Can entrepreneurship be inculcated?

MIT is clearly working to fuel more innovation and entrepreneurship, including instruction in a number classrooms. The School of Engineering's Undergraduate Practice Opportunities Program, or "UPOP," provides sophomores with a better understanding of what engineers actually do. They learn that engineers create products, market them, and finance them; that engineers must work in teams and in organizations; and that they must be entrepreneurial. At the graduate level, a course jointly taught by faculty in the School of Engineering and the MIT Sloan School of Management entitled "i-Teams" (short for "Innovation Teams") links the classroom to the laboratory and to the marketplace. Each semester, students on five teams based on technologies funded by the Deshpande Centerdevelop go-to-market strategies for their research projects with the guidance of faculty and volunteers from the business community. Technologies for the fall 2005 semester include hemostasis (cessation of bleeding), smart drug delivery, carbon nanotubes, infrared sensors, and fabric manufacturing.

A great deal happens at MIT from what I call "touching the leaves" in Cambridge, Massachusetts. Something of the spirit of entrepreneurship is in the air, a culture of innovation we all absorb, whether we are inherently entrepreneurial or not. Students working in MIT's research laboratories benefit from working with faculty members who are enterprising inventors. Apprenticeships and tutoring serve as complements to formal instruction in management and financing. We in engineering don't study entrepreneurship per se; we do entrepreneurship. We create products and processes that people use. Bringing together management and engineering provides an ideal combination: teach the underlying scholarship and theory, learn from real-life scenarios, and yet remember that entrepreneurship is a contact sport.

Support from our national government

I recently had the opportunity to chair a skills working group of the US Council on Competitiveness's National Innovation Initiative that presented a set of recommendations to the US government concerning innovation. One recommendation proposes a US National Innovation Education Act, modeled on the National Defense Education Act (NDEA) of the 1950s, that would serve as a vehicle for attracting more graduate students interested in innovation to engineering and science.

Should the government choose which technologies to pursue?
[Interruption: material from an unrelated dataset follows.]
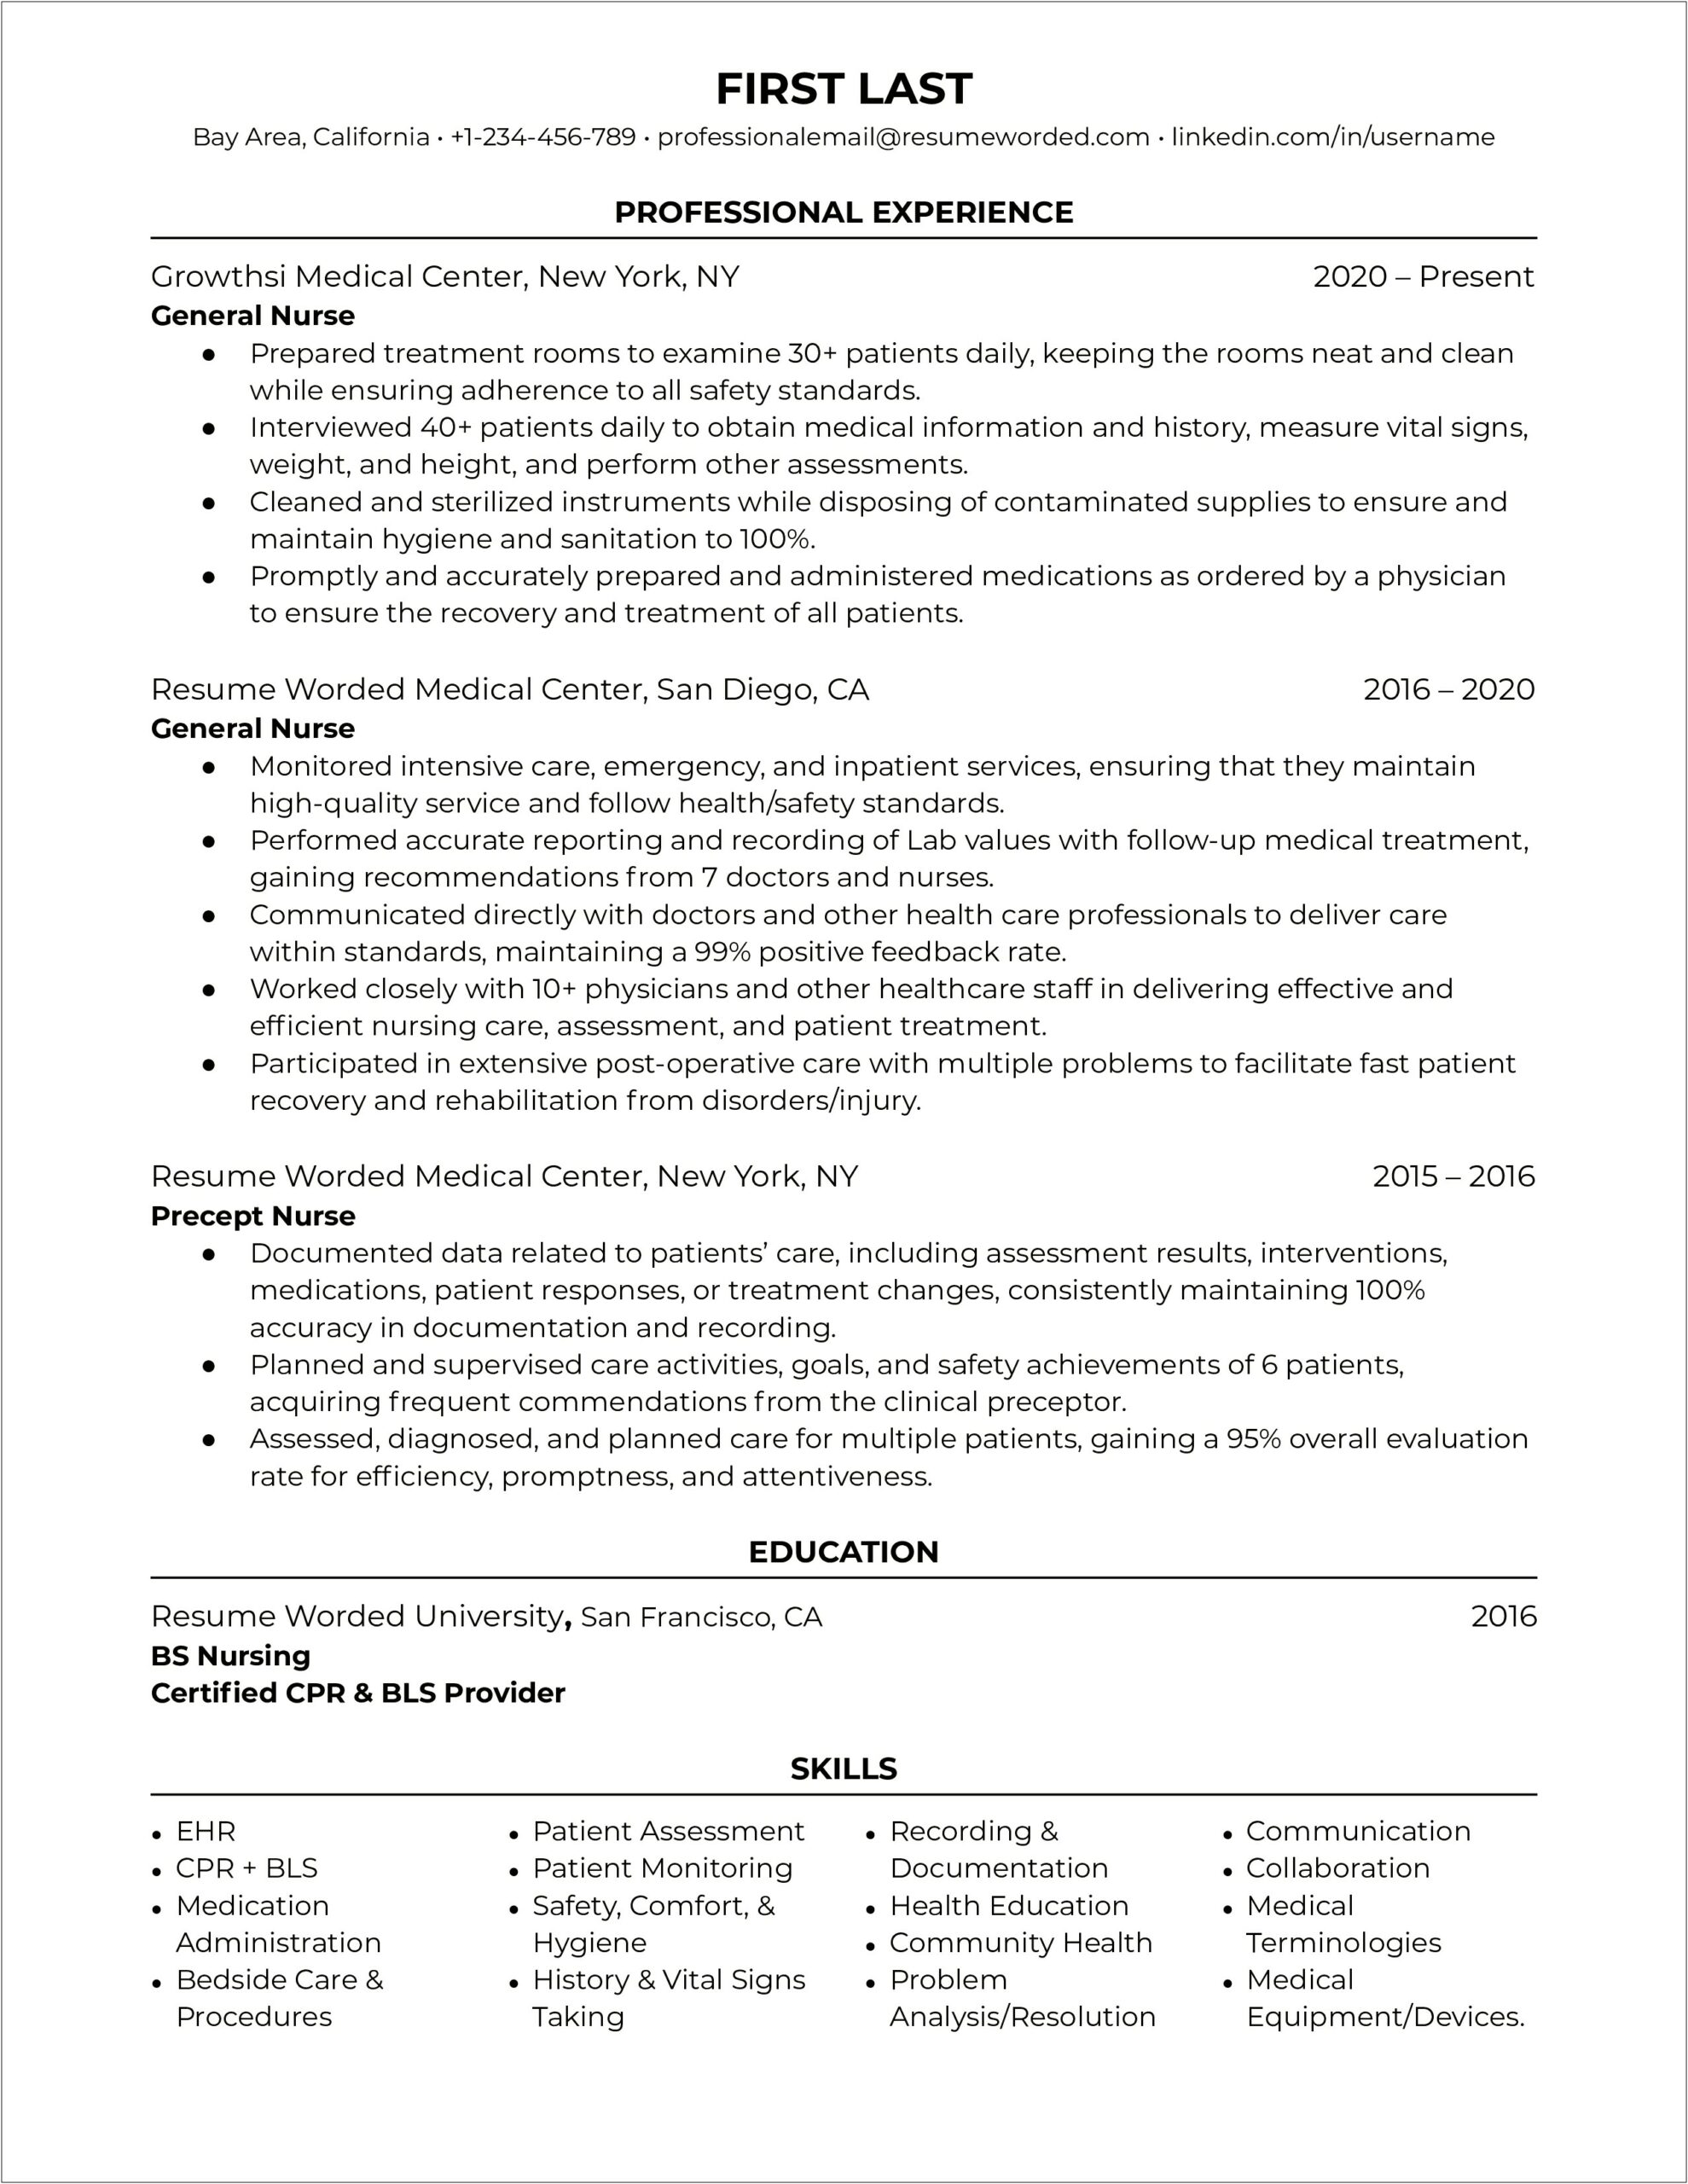 Sample Registered Nurse Resume Without Experience

As MIT professor Vannevar Bush, former director of the Office of Scientific Research and Development, proposed in his report, "Endless Frontier," government should provide research funding but adopt a hands-off approach while universities provide the talent to fuel industrial development in the US economy. I concur: let the market decide.

How would I advise the aspiring researcher-entrepreneur?
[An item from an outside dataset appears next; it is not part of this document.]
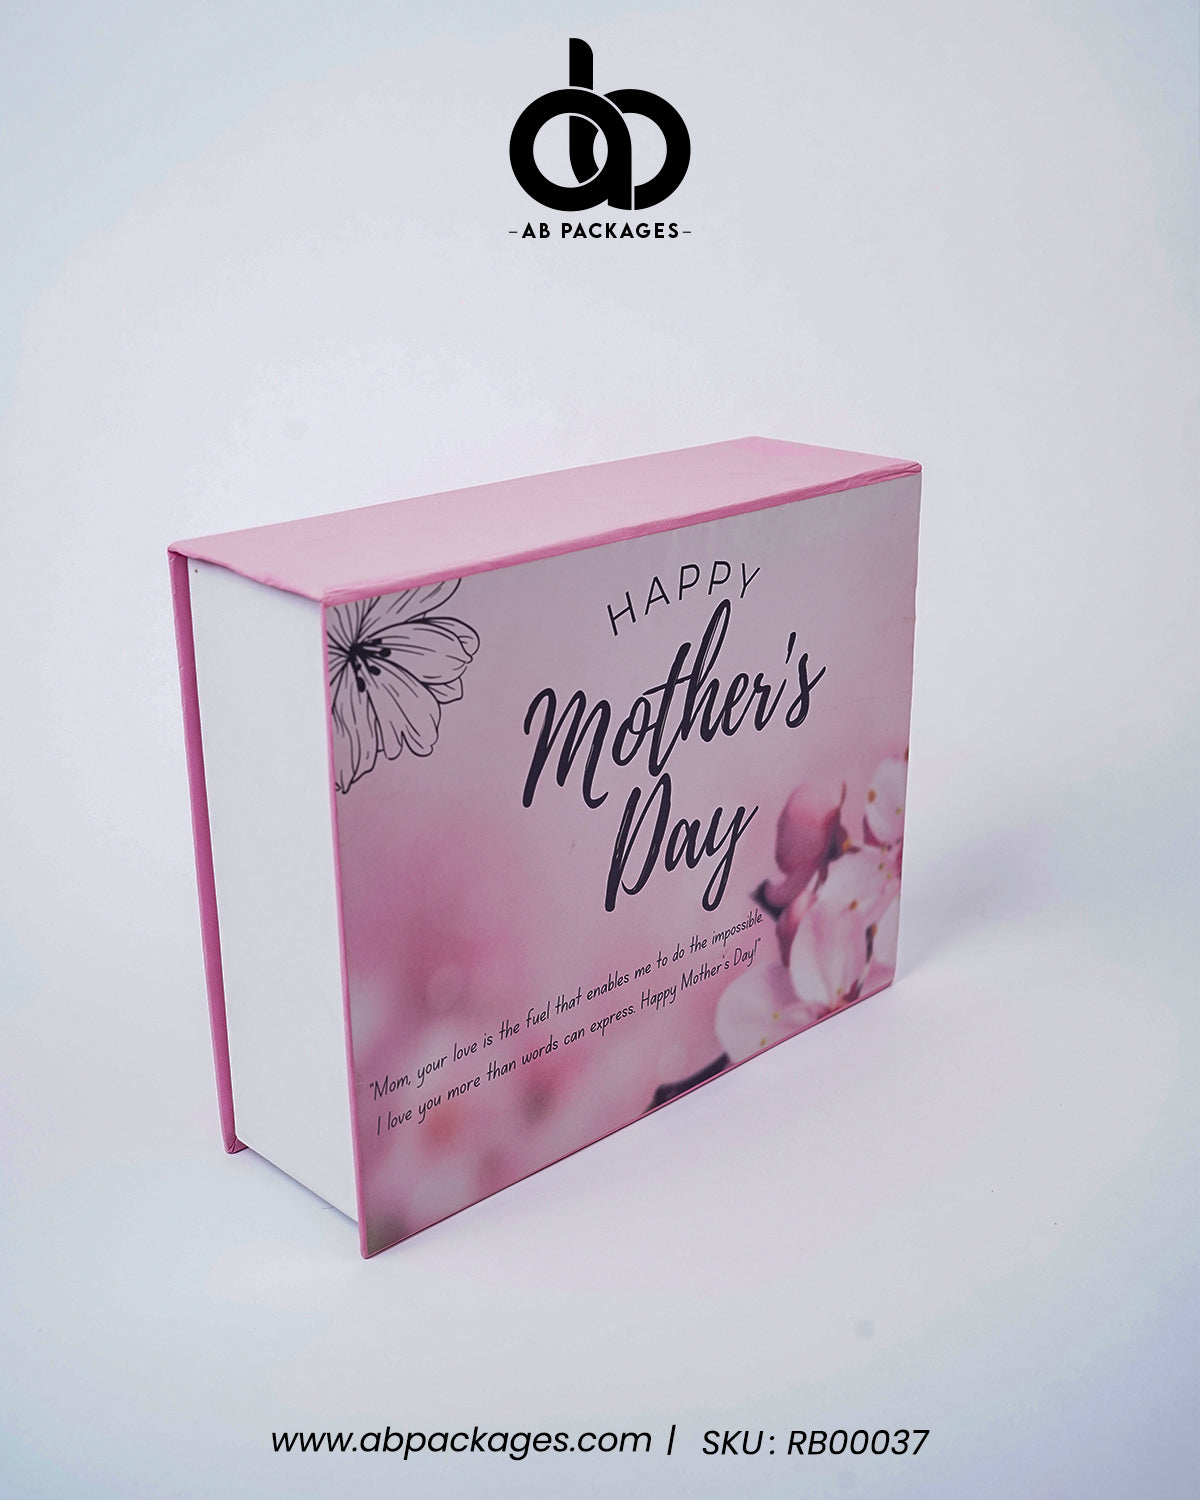 Palette of Affection: A Mother's day special

Strike a balance. Obtain a strong grounding in science, math, and technology because entrepreneurs need to have a firm understanding of basic underlying technologies. However, a broad base provides perspective on the context in which innovation occurs: the entrepreneurship ecosystem. Some knowledge of the market and finances is essential. What I would argue against is becoming exclusively technology-focused or studying entrepreneurship without a firm technological base. Much entrepreneurial success comes from the complementary relationship between management and engineering and from an open, inviting, and stimulating environment like MIT that serves as a fertile incubator for our next generation of entrepreunerial leaders.


[1] This article was adapted, with permission, from "Of Engineers and Entrepreneurs" by Lay Leng Tan, Innovation magazine, Vol. 5, No. 3. (Innovation magazine is jointly published by the National University of Singapore and World Scientific Publishing.)